Webmasters

Frequently Asked Questions

Question: When should I use _escaped_fragment_ and when should I use #! in my AJAX URLs?

Your site should always use the #! syntax in all URLs that have adopted the AJAX crawling scheme. Googlebot will not follow hyperlinks in the _escaped_fragment_ format.

Question: Where can I see this scheme in action?

Have a look at a sample AJAX application at http://gwt.google.com/samples/Showcase/Showcase.html. If you click on any of the links on the left, you'll see that the URL will contain a #! hash fragment, and the application will navigate to the state corresponding to this hash fragment. If you change the #! (for example, http://gwt.google.com/samples/Showcase/Showcase.html#!CwRadioButton) to ?_escaped_fragment_= (for example, http://gwt.google.com/samples/Showcase/Showcase.html?_escaped_fragment_=CwRadioButton), you will see that the site returns an HTML snapshot. If you try the query "site:gwt.google.com showcase text-entry", you will see not only an AJAX URL in the search result, but also that the crawler was able to index the content that was previously not seen by the crawler ("text-entry"). You can verify this by following the search result link and looking at the source of the page ("View Source").

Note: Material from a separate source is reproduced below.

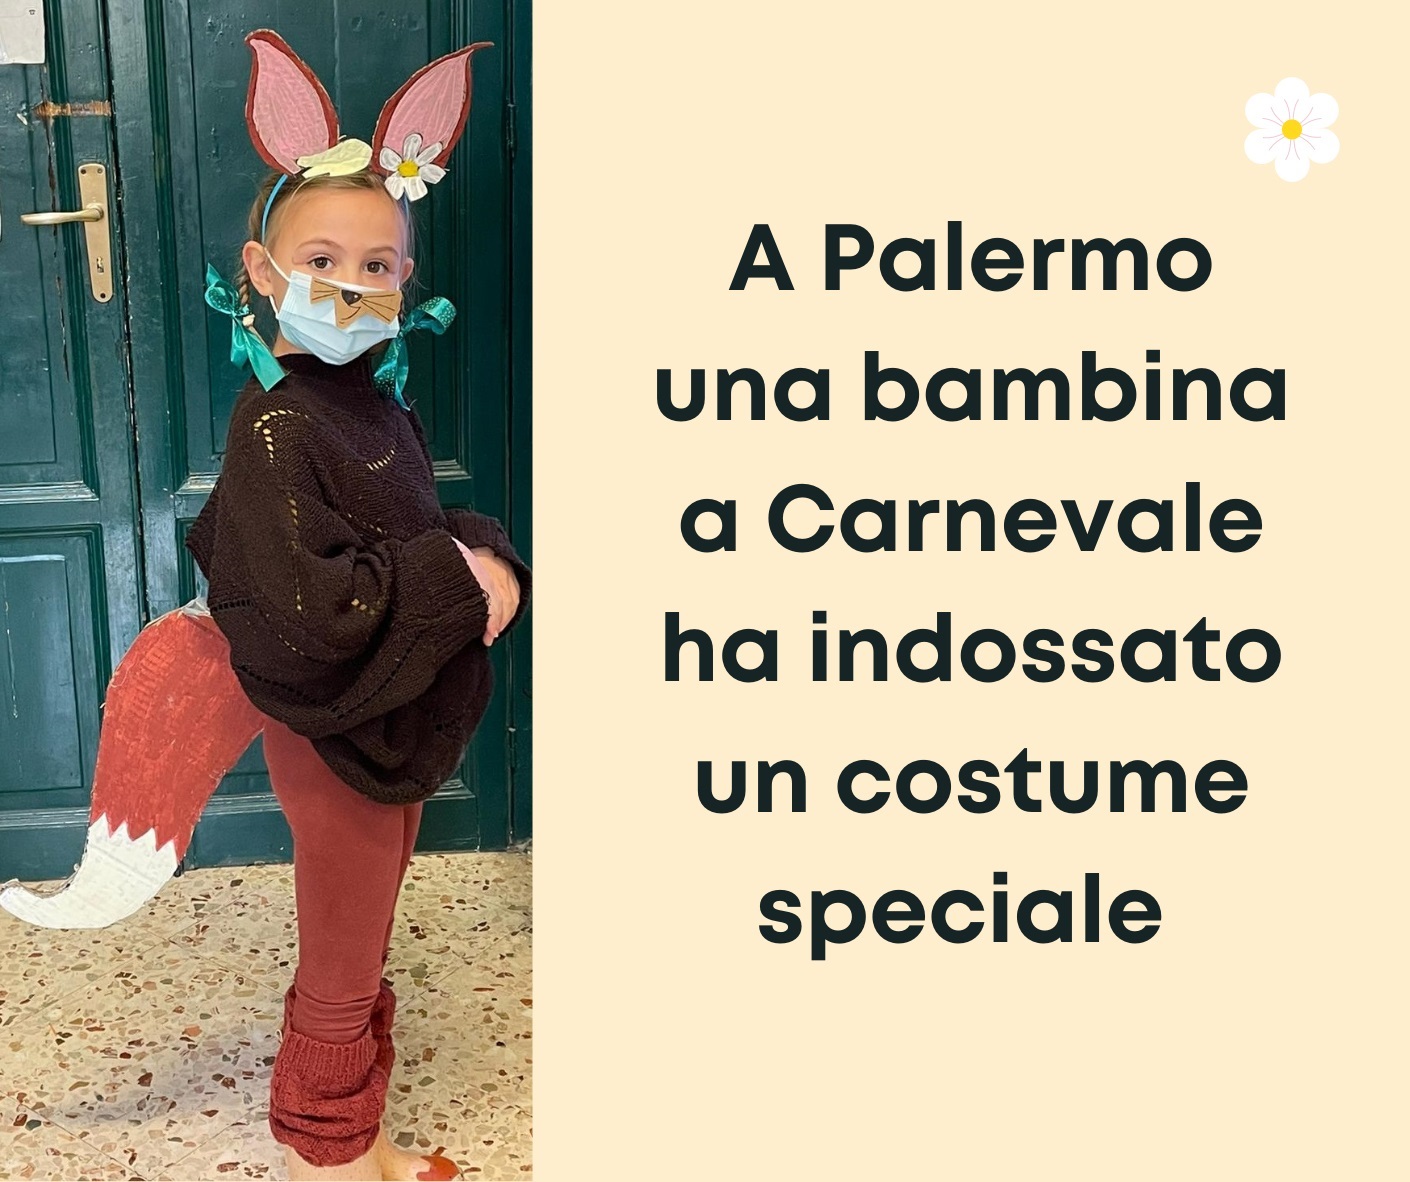 A Palermo una bambina a Carnevale ha indossato un costume speciale sito

Question: What happens if I choose not to implement the AJAX crawling scheme (with #!) on my site?

In the near term, your site will remain indexed by Google as-is, with many pages likely not fully represented in search results. However, we are continously working to make Googlebot behave more like a browser. As we implement more features, Google may start to index your pages properly without help. That said, the AJAX crawling scheme provides a solution for sites that are already using AJAX and wish to ensure that their content is properly indexed today. We expect that it will be a good solution for anyone who already has HTML snapshots of their pages, can easily produce them, or who chooses to use a headless browser to get such HTML snapshots.

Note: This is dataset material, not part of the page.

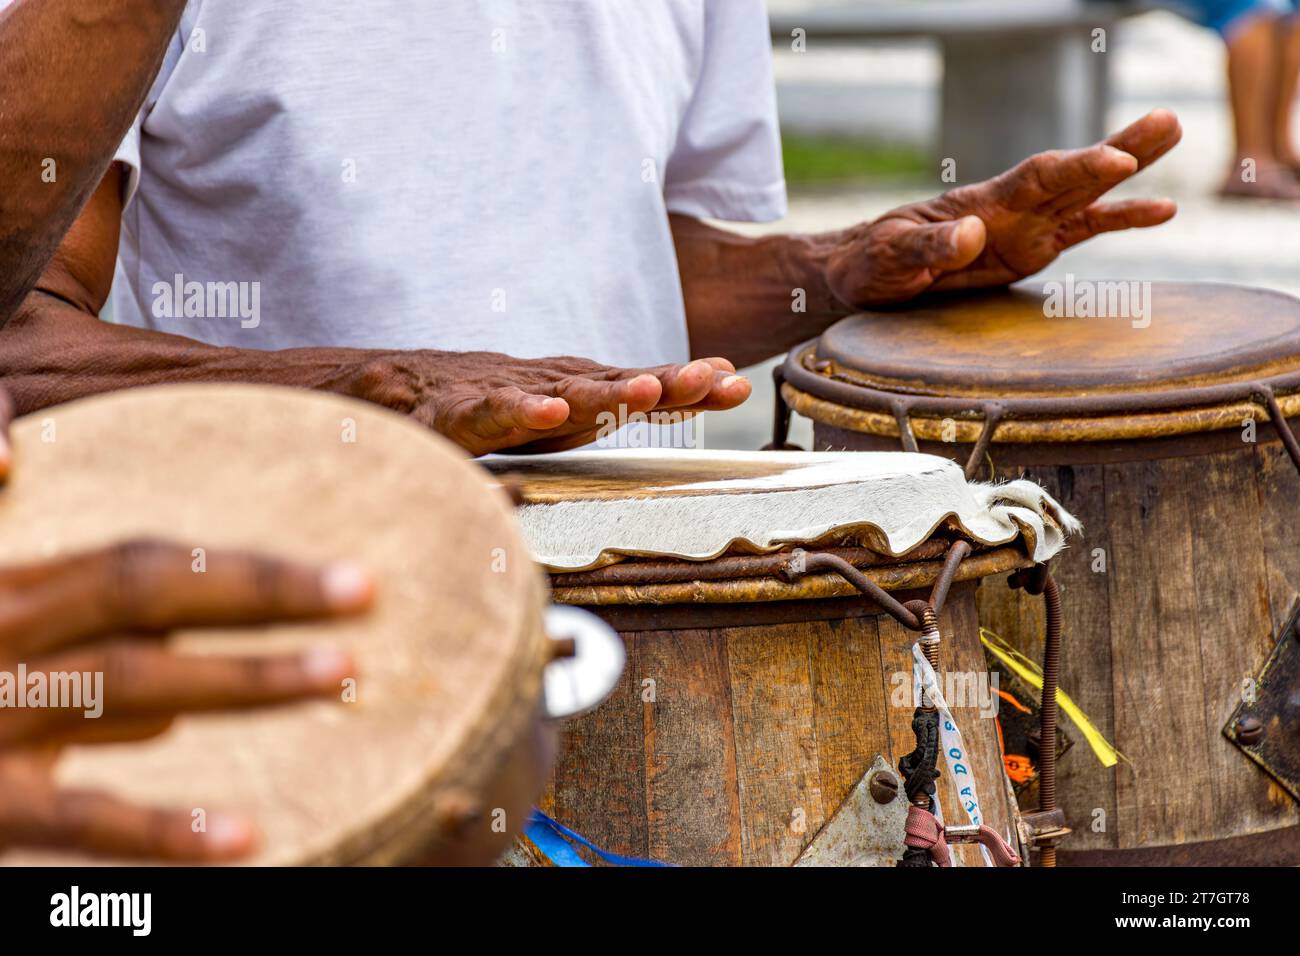 Percussionnistes jouant de leurs instruments lors d'un spectacle de capoeira sur une place Pelourinho dans la ville de Salvador, Bahia, Brésil Banque D'Images

Question: Where will my pages appear in the search results?

The content from your AJAX URLs are treated similarly to other content on the web. From the Google Webmaster Guidelines on content and design:

  • Create a useful, information-rich site, and write pages that clearly and accurately describe your content.
  • Think about the words users would type to find your pages, and make sure that your site actually includes those words within it.

What is different for AJAX pages is that Googlebot must be able to see the page's content. Just as with static web pages, Google makes no guarantee about search rankings.

Question: How current should I keep my content?

The answer to this question depends entirely on how frequently your app's content changes. If it changes frequently, you should always construct a fresh HTML snapshot in response to a crawler request. On the other hand, consider an online library archive whose inventory does not change on a regular basis. In order to keep the server from having to produce the same HTML snapshots over and over, it may be preferable to create all relevant HTML snapshots once, possibly offline, and then to save them for future reference, or respond to Googlebot with a 304 ("not modified") code.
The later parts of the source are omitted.